* [Your objective] Restate, word for word, the run of lines that starts at the line containing "Les gens marchent" and ends with the final line of the listing. Leave pictures out.

* [Data shown]
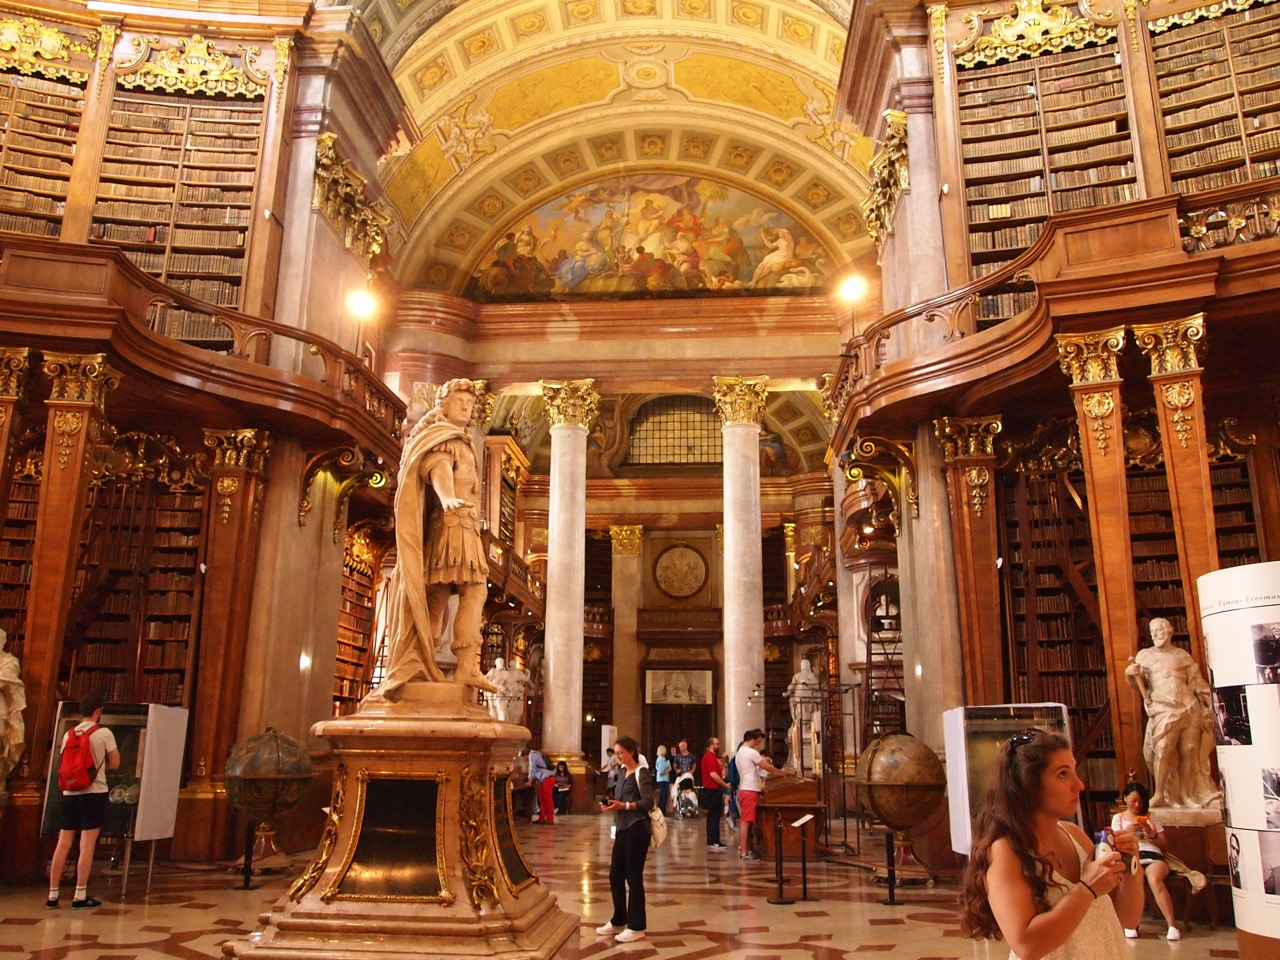 世界一美しい図書館 オーストリア国立図書館 は映画 美女と野獣 の世界 ハイヒールで世界を歩く
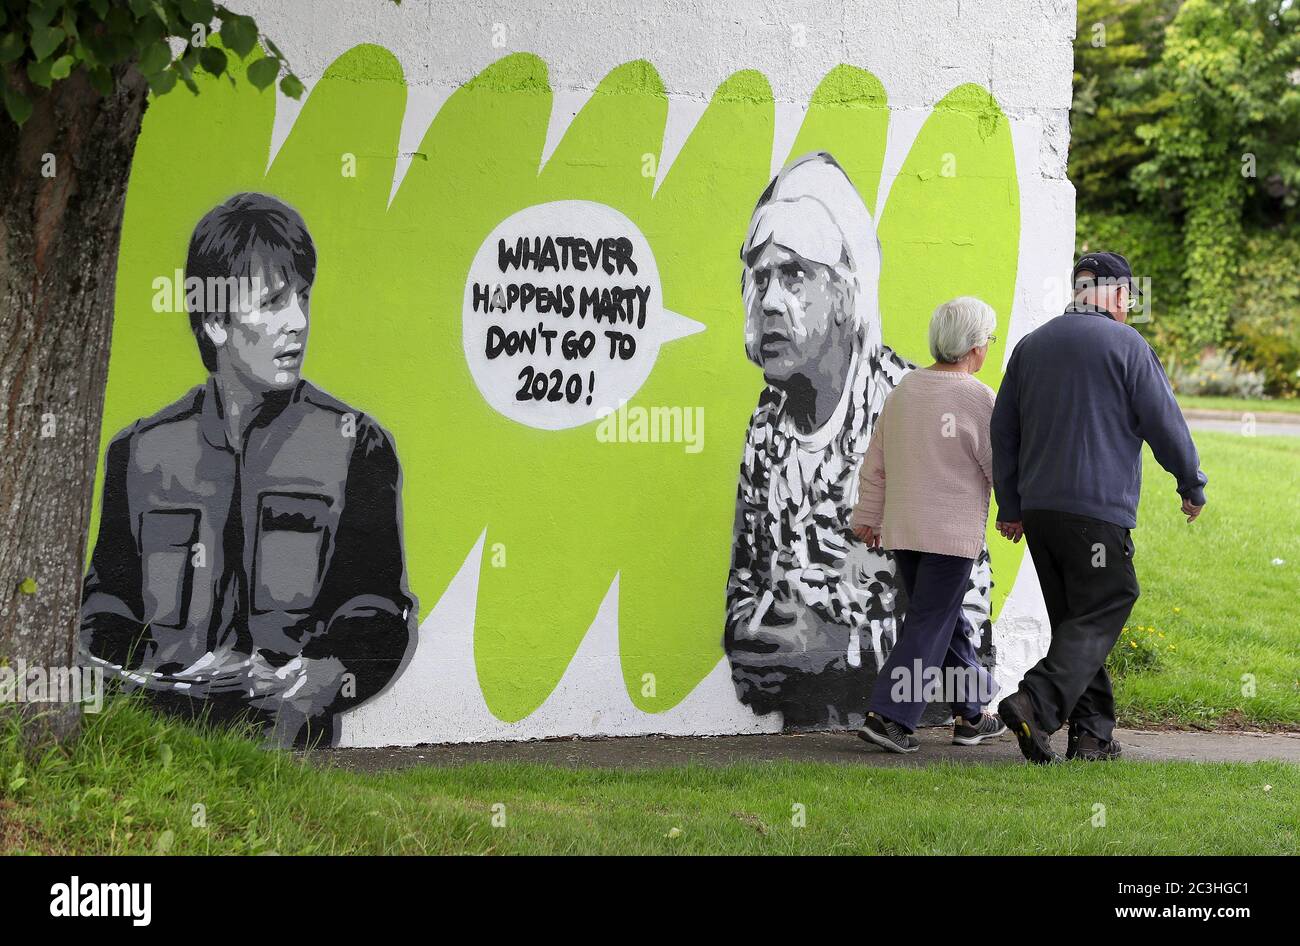 Les gens marchent à côté de la fresque de l'artiste irlandais Emmalene Blake, Marty McFly, et Doc Brown, du film culte des années 80 « Retour vers le futur » dans le sud de Dublin. Il s'agit de la dernière fresque sur le thème du coronavirus de l'artiste de Dublin pendant la pandémie. D'autres artistes ont été présentés, notamment Dua Lipa, Robyn et Cardi B. Banque D'Images
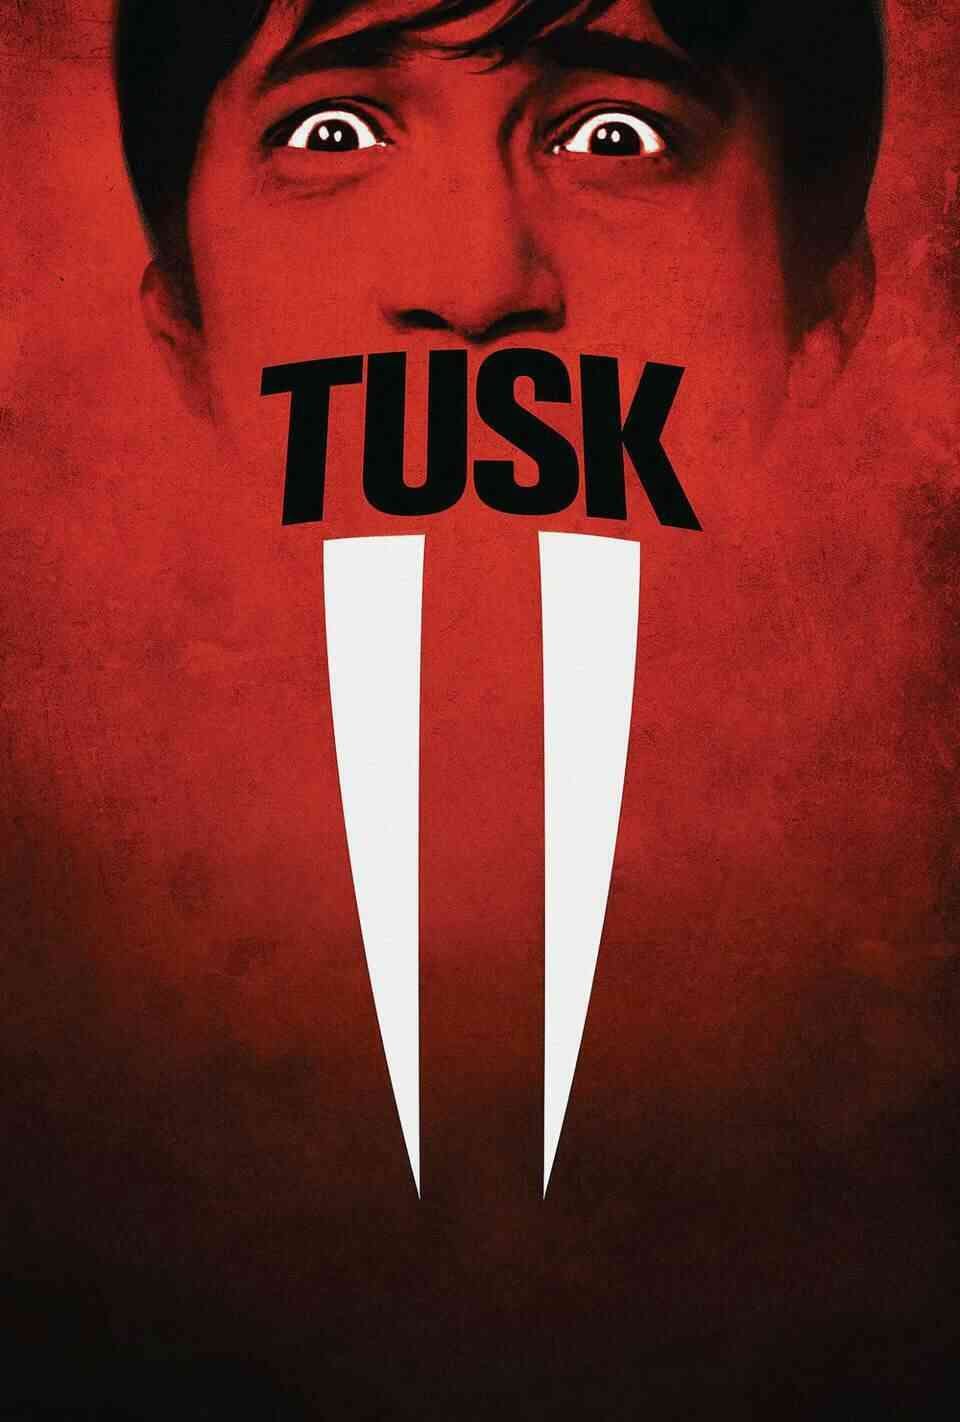 Read Tusk screenplay.

* [Written solution]
 Les gens marchent à côté de la fresque de l'artiste irlandais Emmalene Blake, Marty McFly, et Doc Brown, du film culte des années 80 « Retour vers le futur » dans le sud de Dublin. Il s'agit de la dernière fresque sur le thème du coronavirus de l'artiste de Dublin pendant la pandémie. D'autres artistes ont été présentés, notamment Dua Lipa, Robyn et Cardi B. Banque D'Images
 Read Tusk screenplay.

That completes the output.